Department of Orthopaedic Surgery, Duke University School of Medicine, Durham, NC, USA.
Alpert Medical School of Brown University, Providence, RI, USA.
Hand (N Y). 2024 Sep;19(6):917-923. doi: 10.1177/15589447231158807. Epub 2023 Mar 22.
Patients with carpal tunnel syndrome (CTS) may also have cervical radiculopathy (CR) or vice versa, potentially requiring carpal tunnel release (CTR) and anterior cervical discectomy and fusion (ACDF).
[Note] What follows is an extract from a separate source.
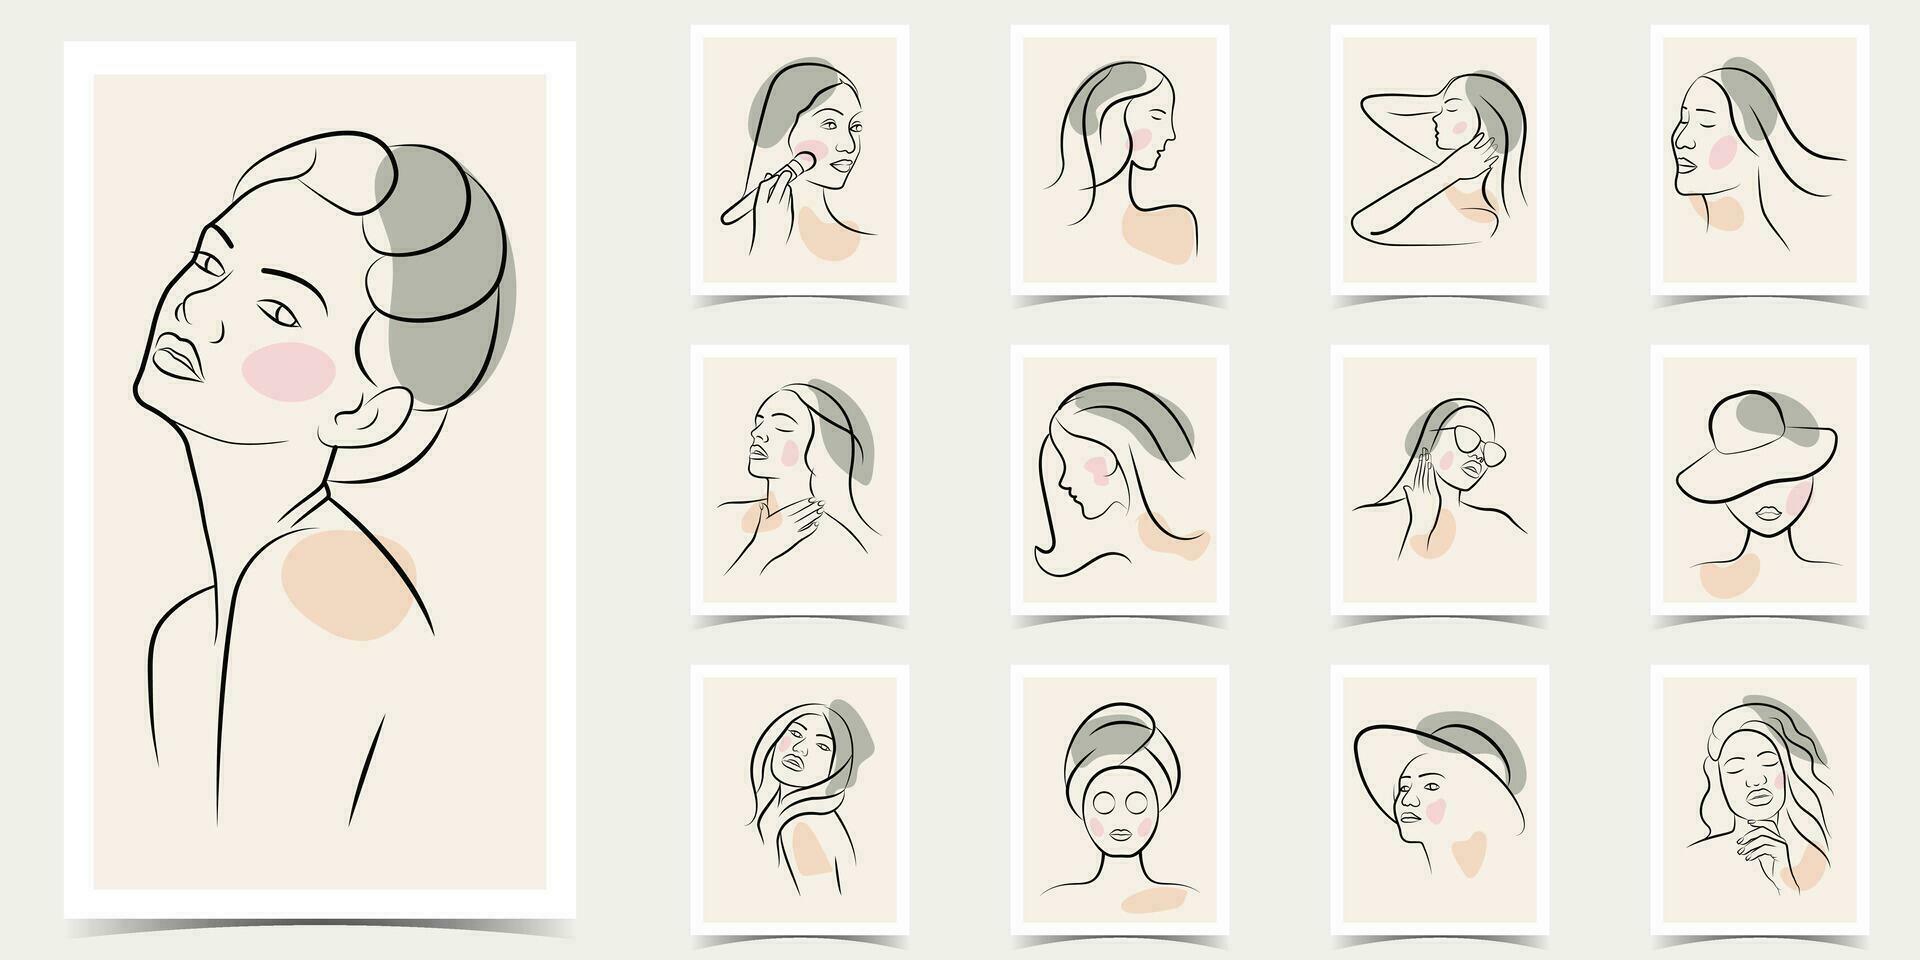 vrouw gezicht lijn kunst .vrouwelijk schoonheid logo. vrouw schoonheid mode concept .verschillend vrouw gezichten. vector illustraties ontwerp.

This study evaluates whether there is an increased risk of complications following CTR or ACDF in patients with concurrent CTS and CR (CTS-CR) compared with those with only CTS or CR.
A multipayer database was used to identify patients with CTS-CR. From this cohort, patients who underwent CTR and/or ACDF were identified. Patients with CTS-CR undergoing surgery were compared with those undergoing surgery with only CTS or CR. Multivariable logistic regression was used to compare matched populations to assess postoperative complications and risk of undergoing both procedures.
A total of 110 379 patients with CTS-CR were identified. Carpal tunnel release was performed in 21 152 patients (19.2%) with CTS-CR, from which 835 (0.76%) underwent ACDF. Anterior cervical discectomy and fusion was performed in 6960 patients (6.31%) with CTS-CR followed by CTR in 1098 patients (0.99%). Patients with CTS-CR were at greater risk of reoperation and complex regional pain syndrome following CTR. In ACDF, patients with CTS-CR were at greater risk of reoperation. Obesity and tobacco use were significant risk factors in patients with CTS-CR who underwent both CTR and ACDF rather than a single surgery.
Examination of more than 100 000 patients with CTS-CR found a greater likelihood of reoperation and perioperative complications following surgery than those without concurrent diagnoses. Obesity and smoking increased the risk for patients undergoing both procedures. Patients presenting with CTS-CR are high risk and should be counseled on risk of complication and reoperation and optimized to reduce risk of undergoing both CTR and ACDF.
腕管综合征(CTS)患者也可能患有颈椎病(CR),反之亦然,这可能需要进行腕管松解术(CTR)和前路颈椎间盘切除术和融合术(ACDF)。本研究评估了同时患有 CTS 和 CR(CTS-CR)的患者与仅患有 CTS 或 CR 的患者相比,在接受 CTR 或 ACDF 后发生并发症的风险是否增加。
使用多付款人数据库确定患有 CTS-CR 的患者。从该队列中,确定接受 CTR 和/或 ACDF 的患者。将 CTS-CR 患者手术与仅接受 CTS 或 CR 手术的患者进行比较。使用多变量逻辑回归比较匹配人群,以评估术后并发症和同时进行两种手术的风险。
共确定了 110379 例 CTS-CR 患者。在 110379 例 CTS-CR 患者中,有 21152 例(19.2%)接受了 CTR,其中 835 例(0.76%)接受了 ACDF。在 6960 例 CTS-CR 患者中进行了前路颈椎间盘切除术和融合术,随后有 1098 例(0.99%)患者接受了 CTR。与单独手术相比,CTS-CR 患者接受 CTR 后再次手术和复杂性区域疼痛综合征的风险更高。在 ACDF 中,CTS-CR 患者再次手术的风险更高。肥胖和吸烟是 CTS-CR 患者同时接受 CTR 和 ACDF 而不是单一手术的重要危险因素。
对超过 100000 例 CTS-CR 患者的检查发现,与无并发诊断的患者相比,手术后继发手术和围手术期并发症的可能性更大。肥胖和吸烟增加了同时接受两种手术的患者的风险。患有 CTS-CR 的患者风险较高,应告知其并发症和再次手术的风险,并进行优化以降低同时接受 CTR 和 ACDF 的风险。